Saturday morning before I left for work I was online reading about the death of theologian Marcus Borg.
The comments section is usually more informative for me than the actual articles. There one reader praised Borg for having released him from the restraints of biblical literalism.
Just then one of the "difficult to deal with" atheists, that is, a former Christian-turned-atheist, popped up to take issue, and - in my humble opinion - in the most disingenuous way.
One problem which occurred to said atheist was that Matthew 27:52 "has to be taken literally." And he offered this:
ZOMBIES walked around Jerusalem laughing and joking with everyone and buying rounds of beer at the local pool halls for a whole week after Jesus died
And then pithily added, "Only a little child would fall for this nonsense." (Or, I will pithily add, a former-Christian-turned-atheist.)
I think the zombie comment qualifies as a straw man argument. The atheist interlocutor then helpfully added his definition of zombie: "A completely dead corpse which walks."
One wouldn't read Matthew's gospel and get that, but obviously the intent is to shock and offend. Totally unproductive, as that former Christian should know.
But there is more.
The Christian-turned-atheist writes:
HERE ARE YOUR PROBLEMS:
1. It is impossible for a person to rise from the dead.
2. If they do rise from the dead after being dead for a long time they would have no skin or eyeballs.
3. So the dead people would have to not only rise from the dead but they would have to eat and drink to maintain their normal functions.
4. Even if a miracle happened and all the dead zombies were able to function without food and water they would still need to talk and use energy – and there is absolutely no way to explain this.
Ah, so there lies the problem. Proposition 1 must be taken as indisputable fact for the zombie smear to begin to make sense.
The problem is, conservative Christians don't operate from that mindset.
Allow God the power to miraculous create or recreate and the difficulty disappears.
Likewise, proposition 2 falls with 1. Proposition 3 is a supposition not required by those who take Matthew 27 as factual history if the resurrected dead saints arose in their glorified, perfected bodies. Proposition 4 would have no force whatsoever for a supernatural-minded Christian. The miracle is the explanation.

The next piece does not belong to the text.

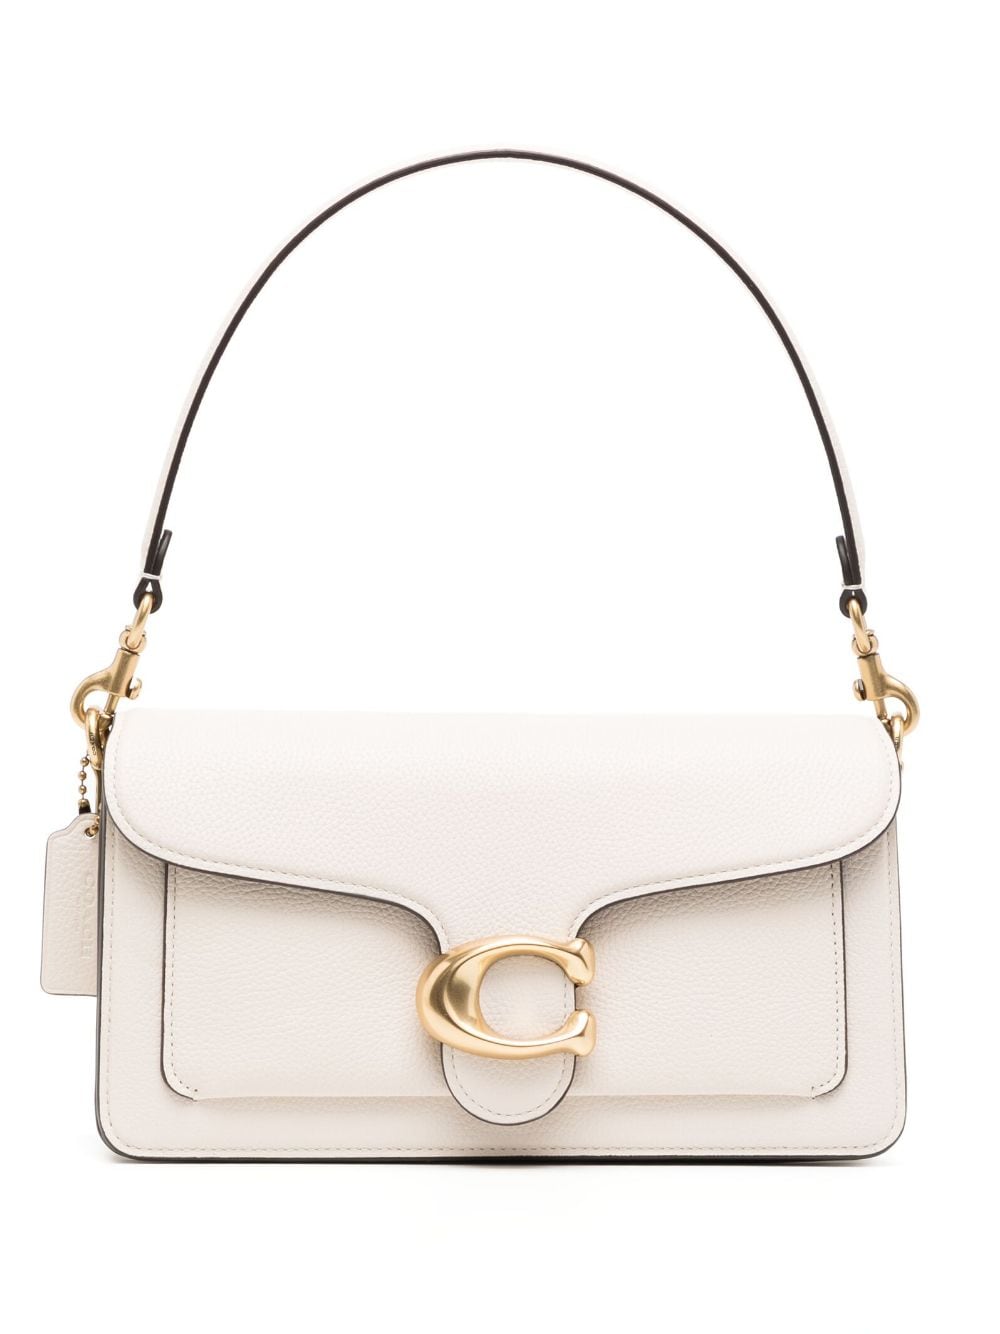 COACH Luxury Shoulder Handbag in Striking Chalk White for Women

Now above I characterized this attack as disingenuous, and I did so because, obviously, a former Christian should understand the above.
Even so, conservative Christians are not forced to interpret the incident as crudely as our atheist friend does. In proof of this statement I will bring up the long late Methodist Bible scholar and commentator, Adam Clarke, who wrote concerning this matter:
Some have thought that these two verses have been introduced into the text of Matthew from the gospel of the Nazarenes; others think that the simple meaning is this: - by the earthquake several bodies that had been buried were thrown up and exposed to view, and continued above ground till after Christ's resurrection, and were seen by many persons in the city. Why the graves should be opened on Friday, and the bodies not be raised to life till the following Sunday, is difficult to be conceived. The place is extremely obscure.
A later conservative theologian , Charles Ellicott, in his still useful commentary wrote this on the passage in question:
It is scarcely, perhaps, surprising that a narrative so exceptional in its marvellousness, and standing, as it does, without any collateral testimony in any other part of the New Testament, should have presented to many minds difficulties which have seemed almost insuperable. They have accordingly either viewed it as a mythical addition, or, where they shrank from that extreme conclusion, have explained it as meaning simply that the bodies of the dead were exposed to view by the earthquake mentioned in the preceding verse, or have seen in it only the honest report of an over-excited imagination.
Both of the above Bible scholars were believers in the miraculous. Yet they felt it necessary to give what others thought about this difficulty. Yes, even conservative Christians can and often do admit that the books of the Bible have suffered at the hands of copyists and editors.
When I was a young Christian this passage troubled me greatly. I tended to lean towards a corruption of the original text. As I became more liberal in my outlook, I started leaning towards the mythical (but symbolically significant) view. Either way, I didn't allow such difficulties to shake my faith. Nor should they shake one's faith.
My main point in this long post is that such crude attacks are pointless. The only generate ill feelings. Further, biblical literalism is no less silly coming from an atheist than a fundamentalist Christian.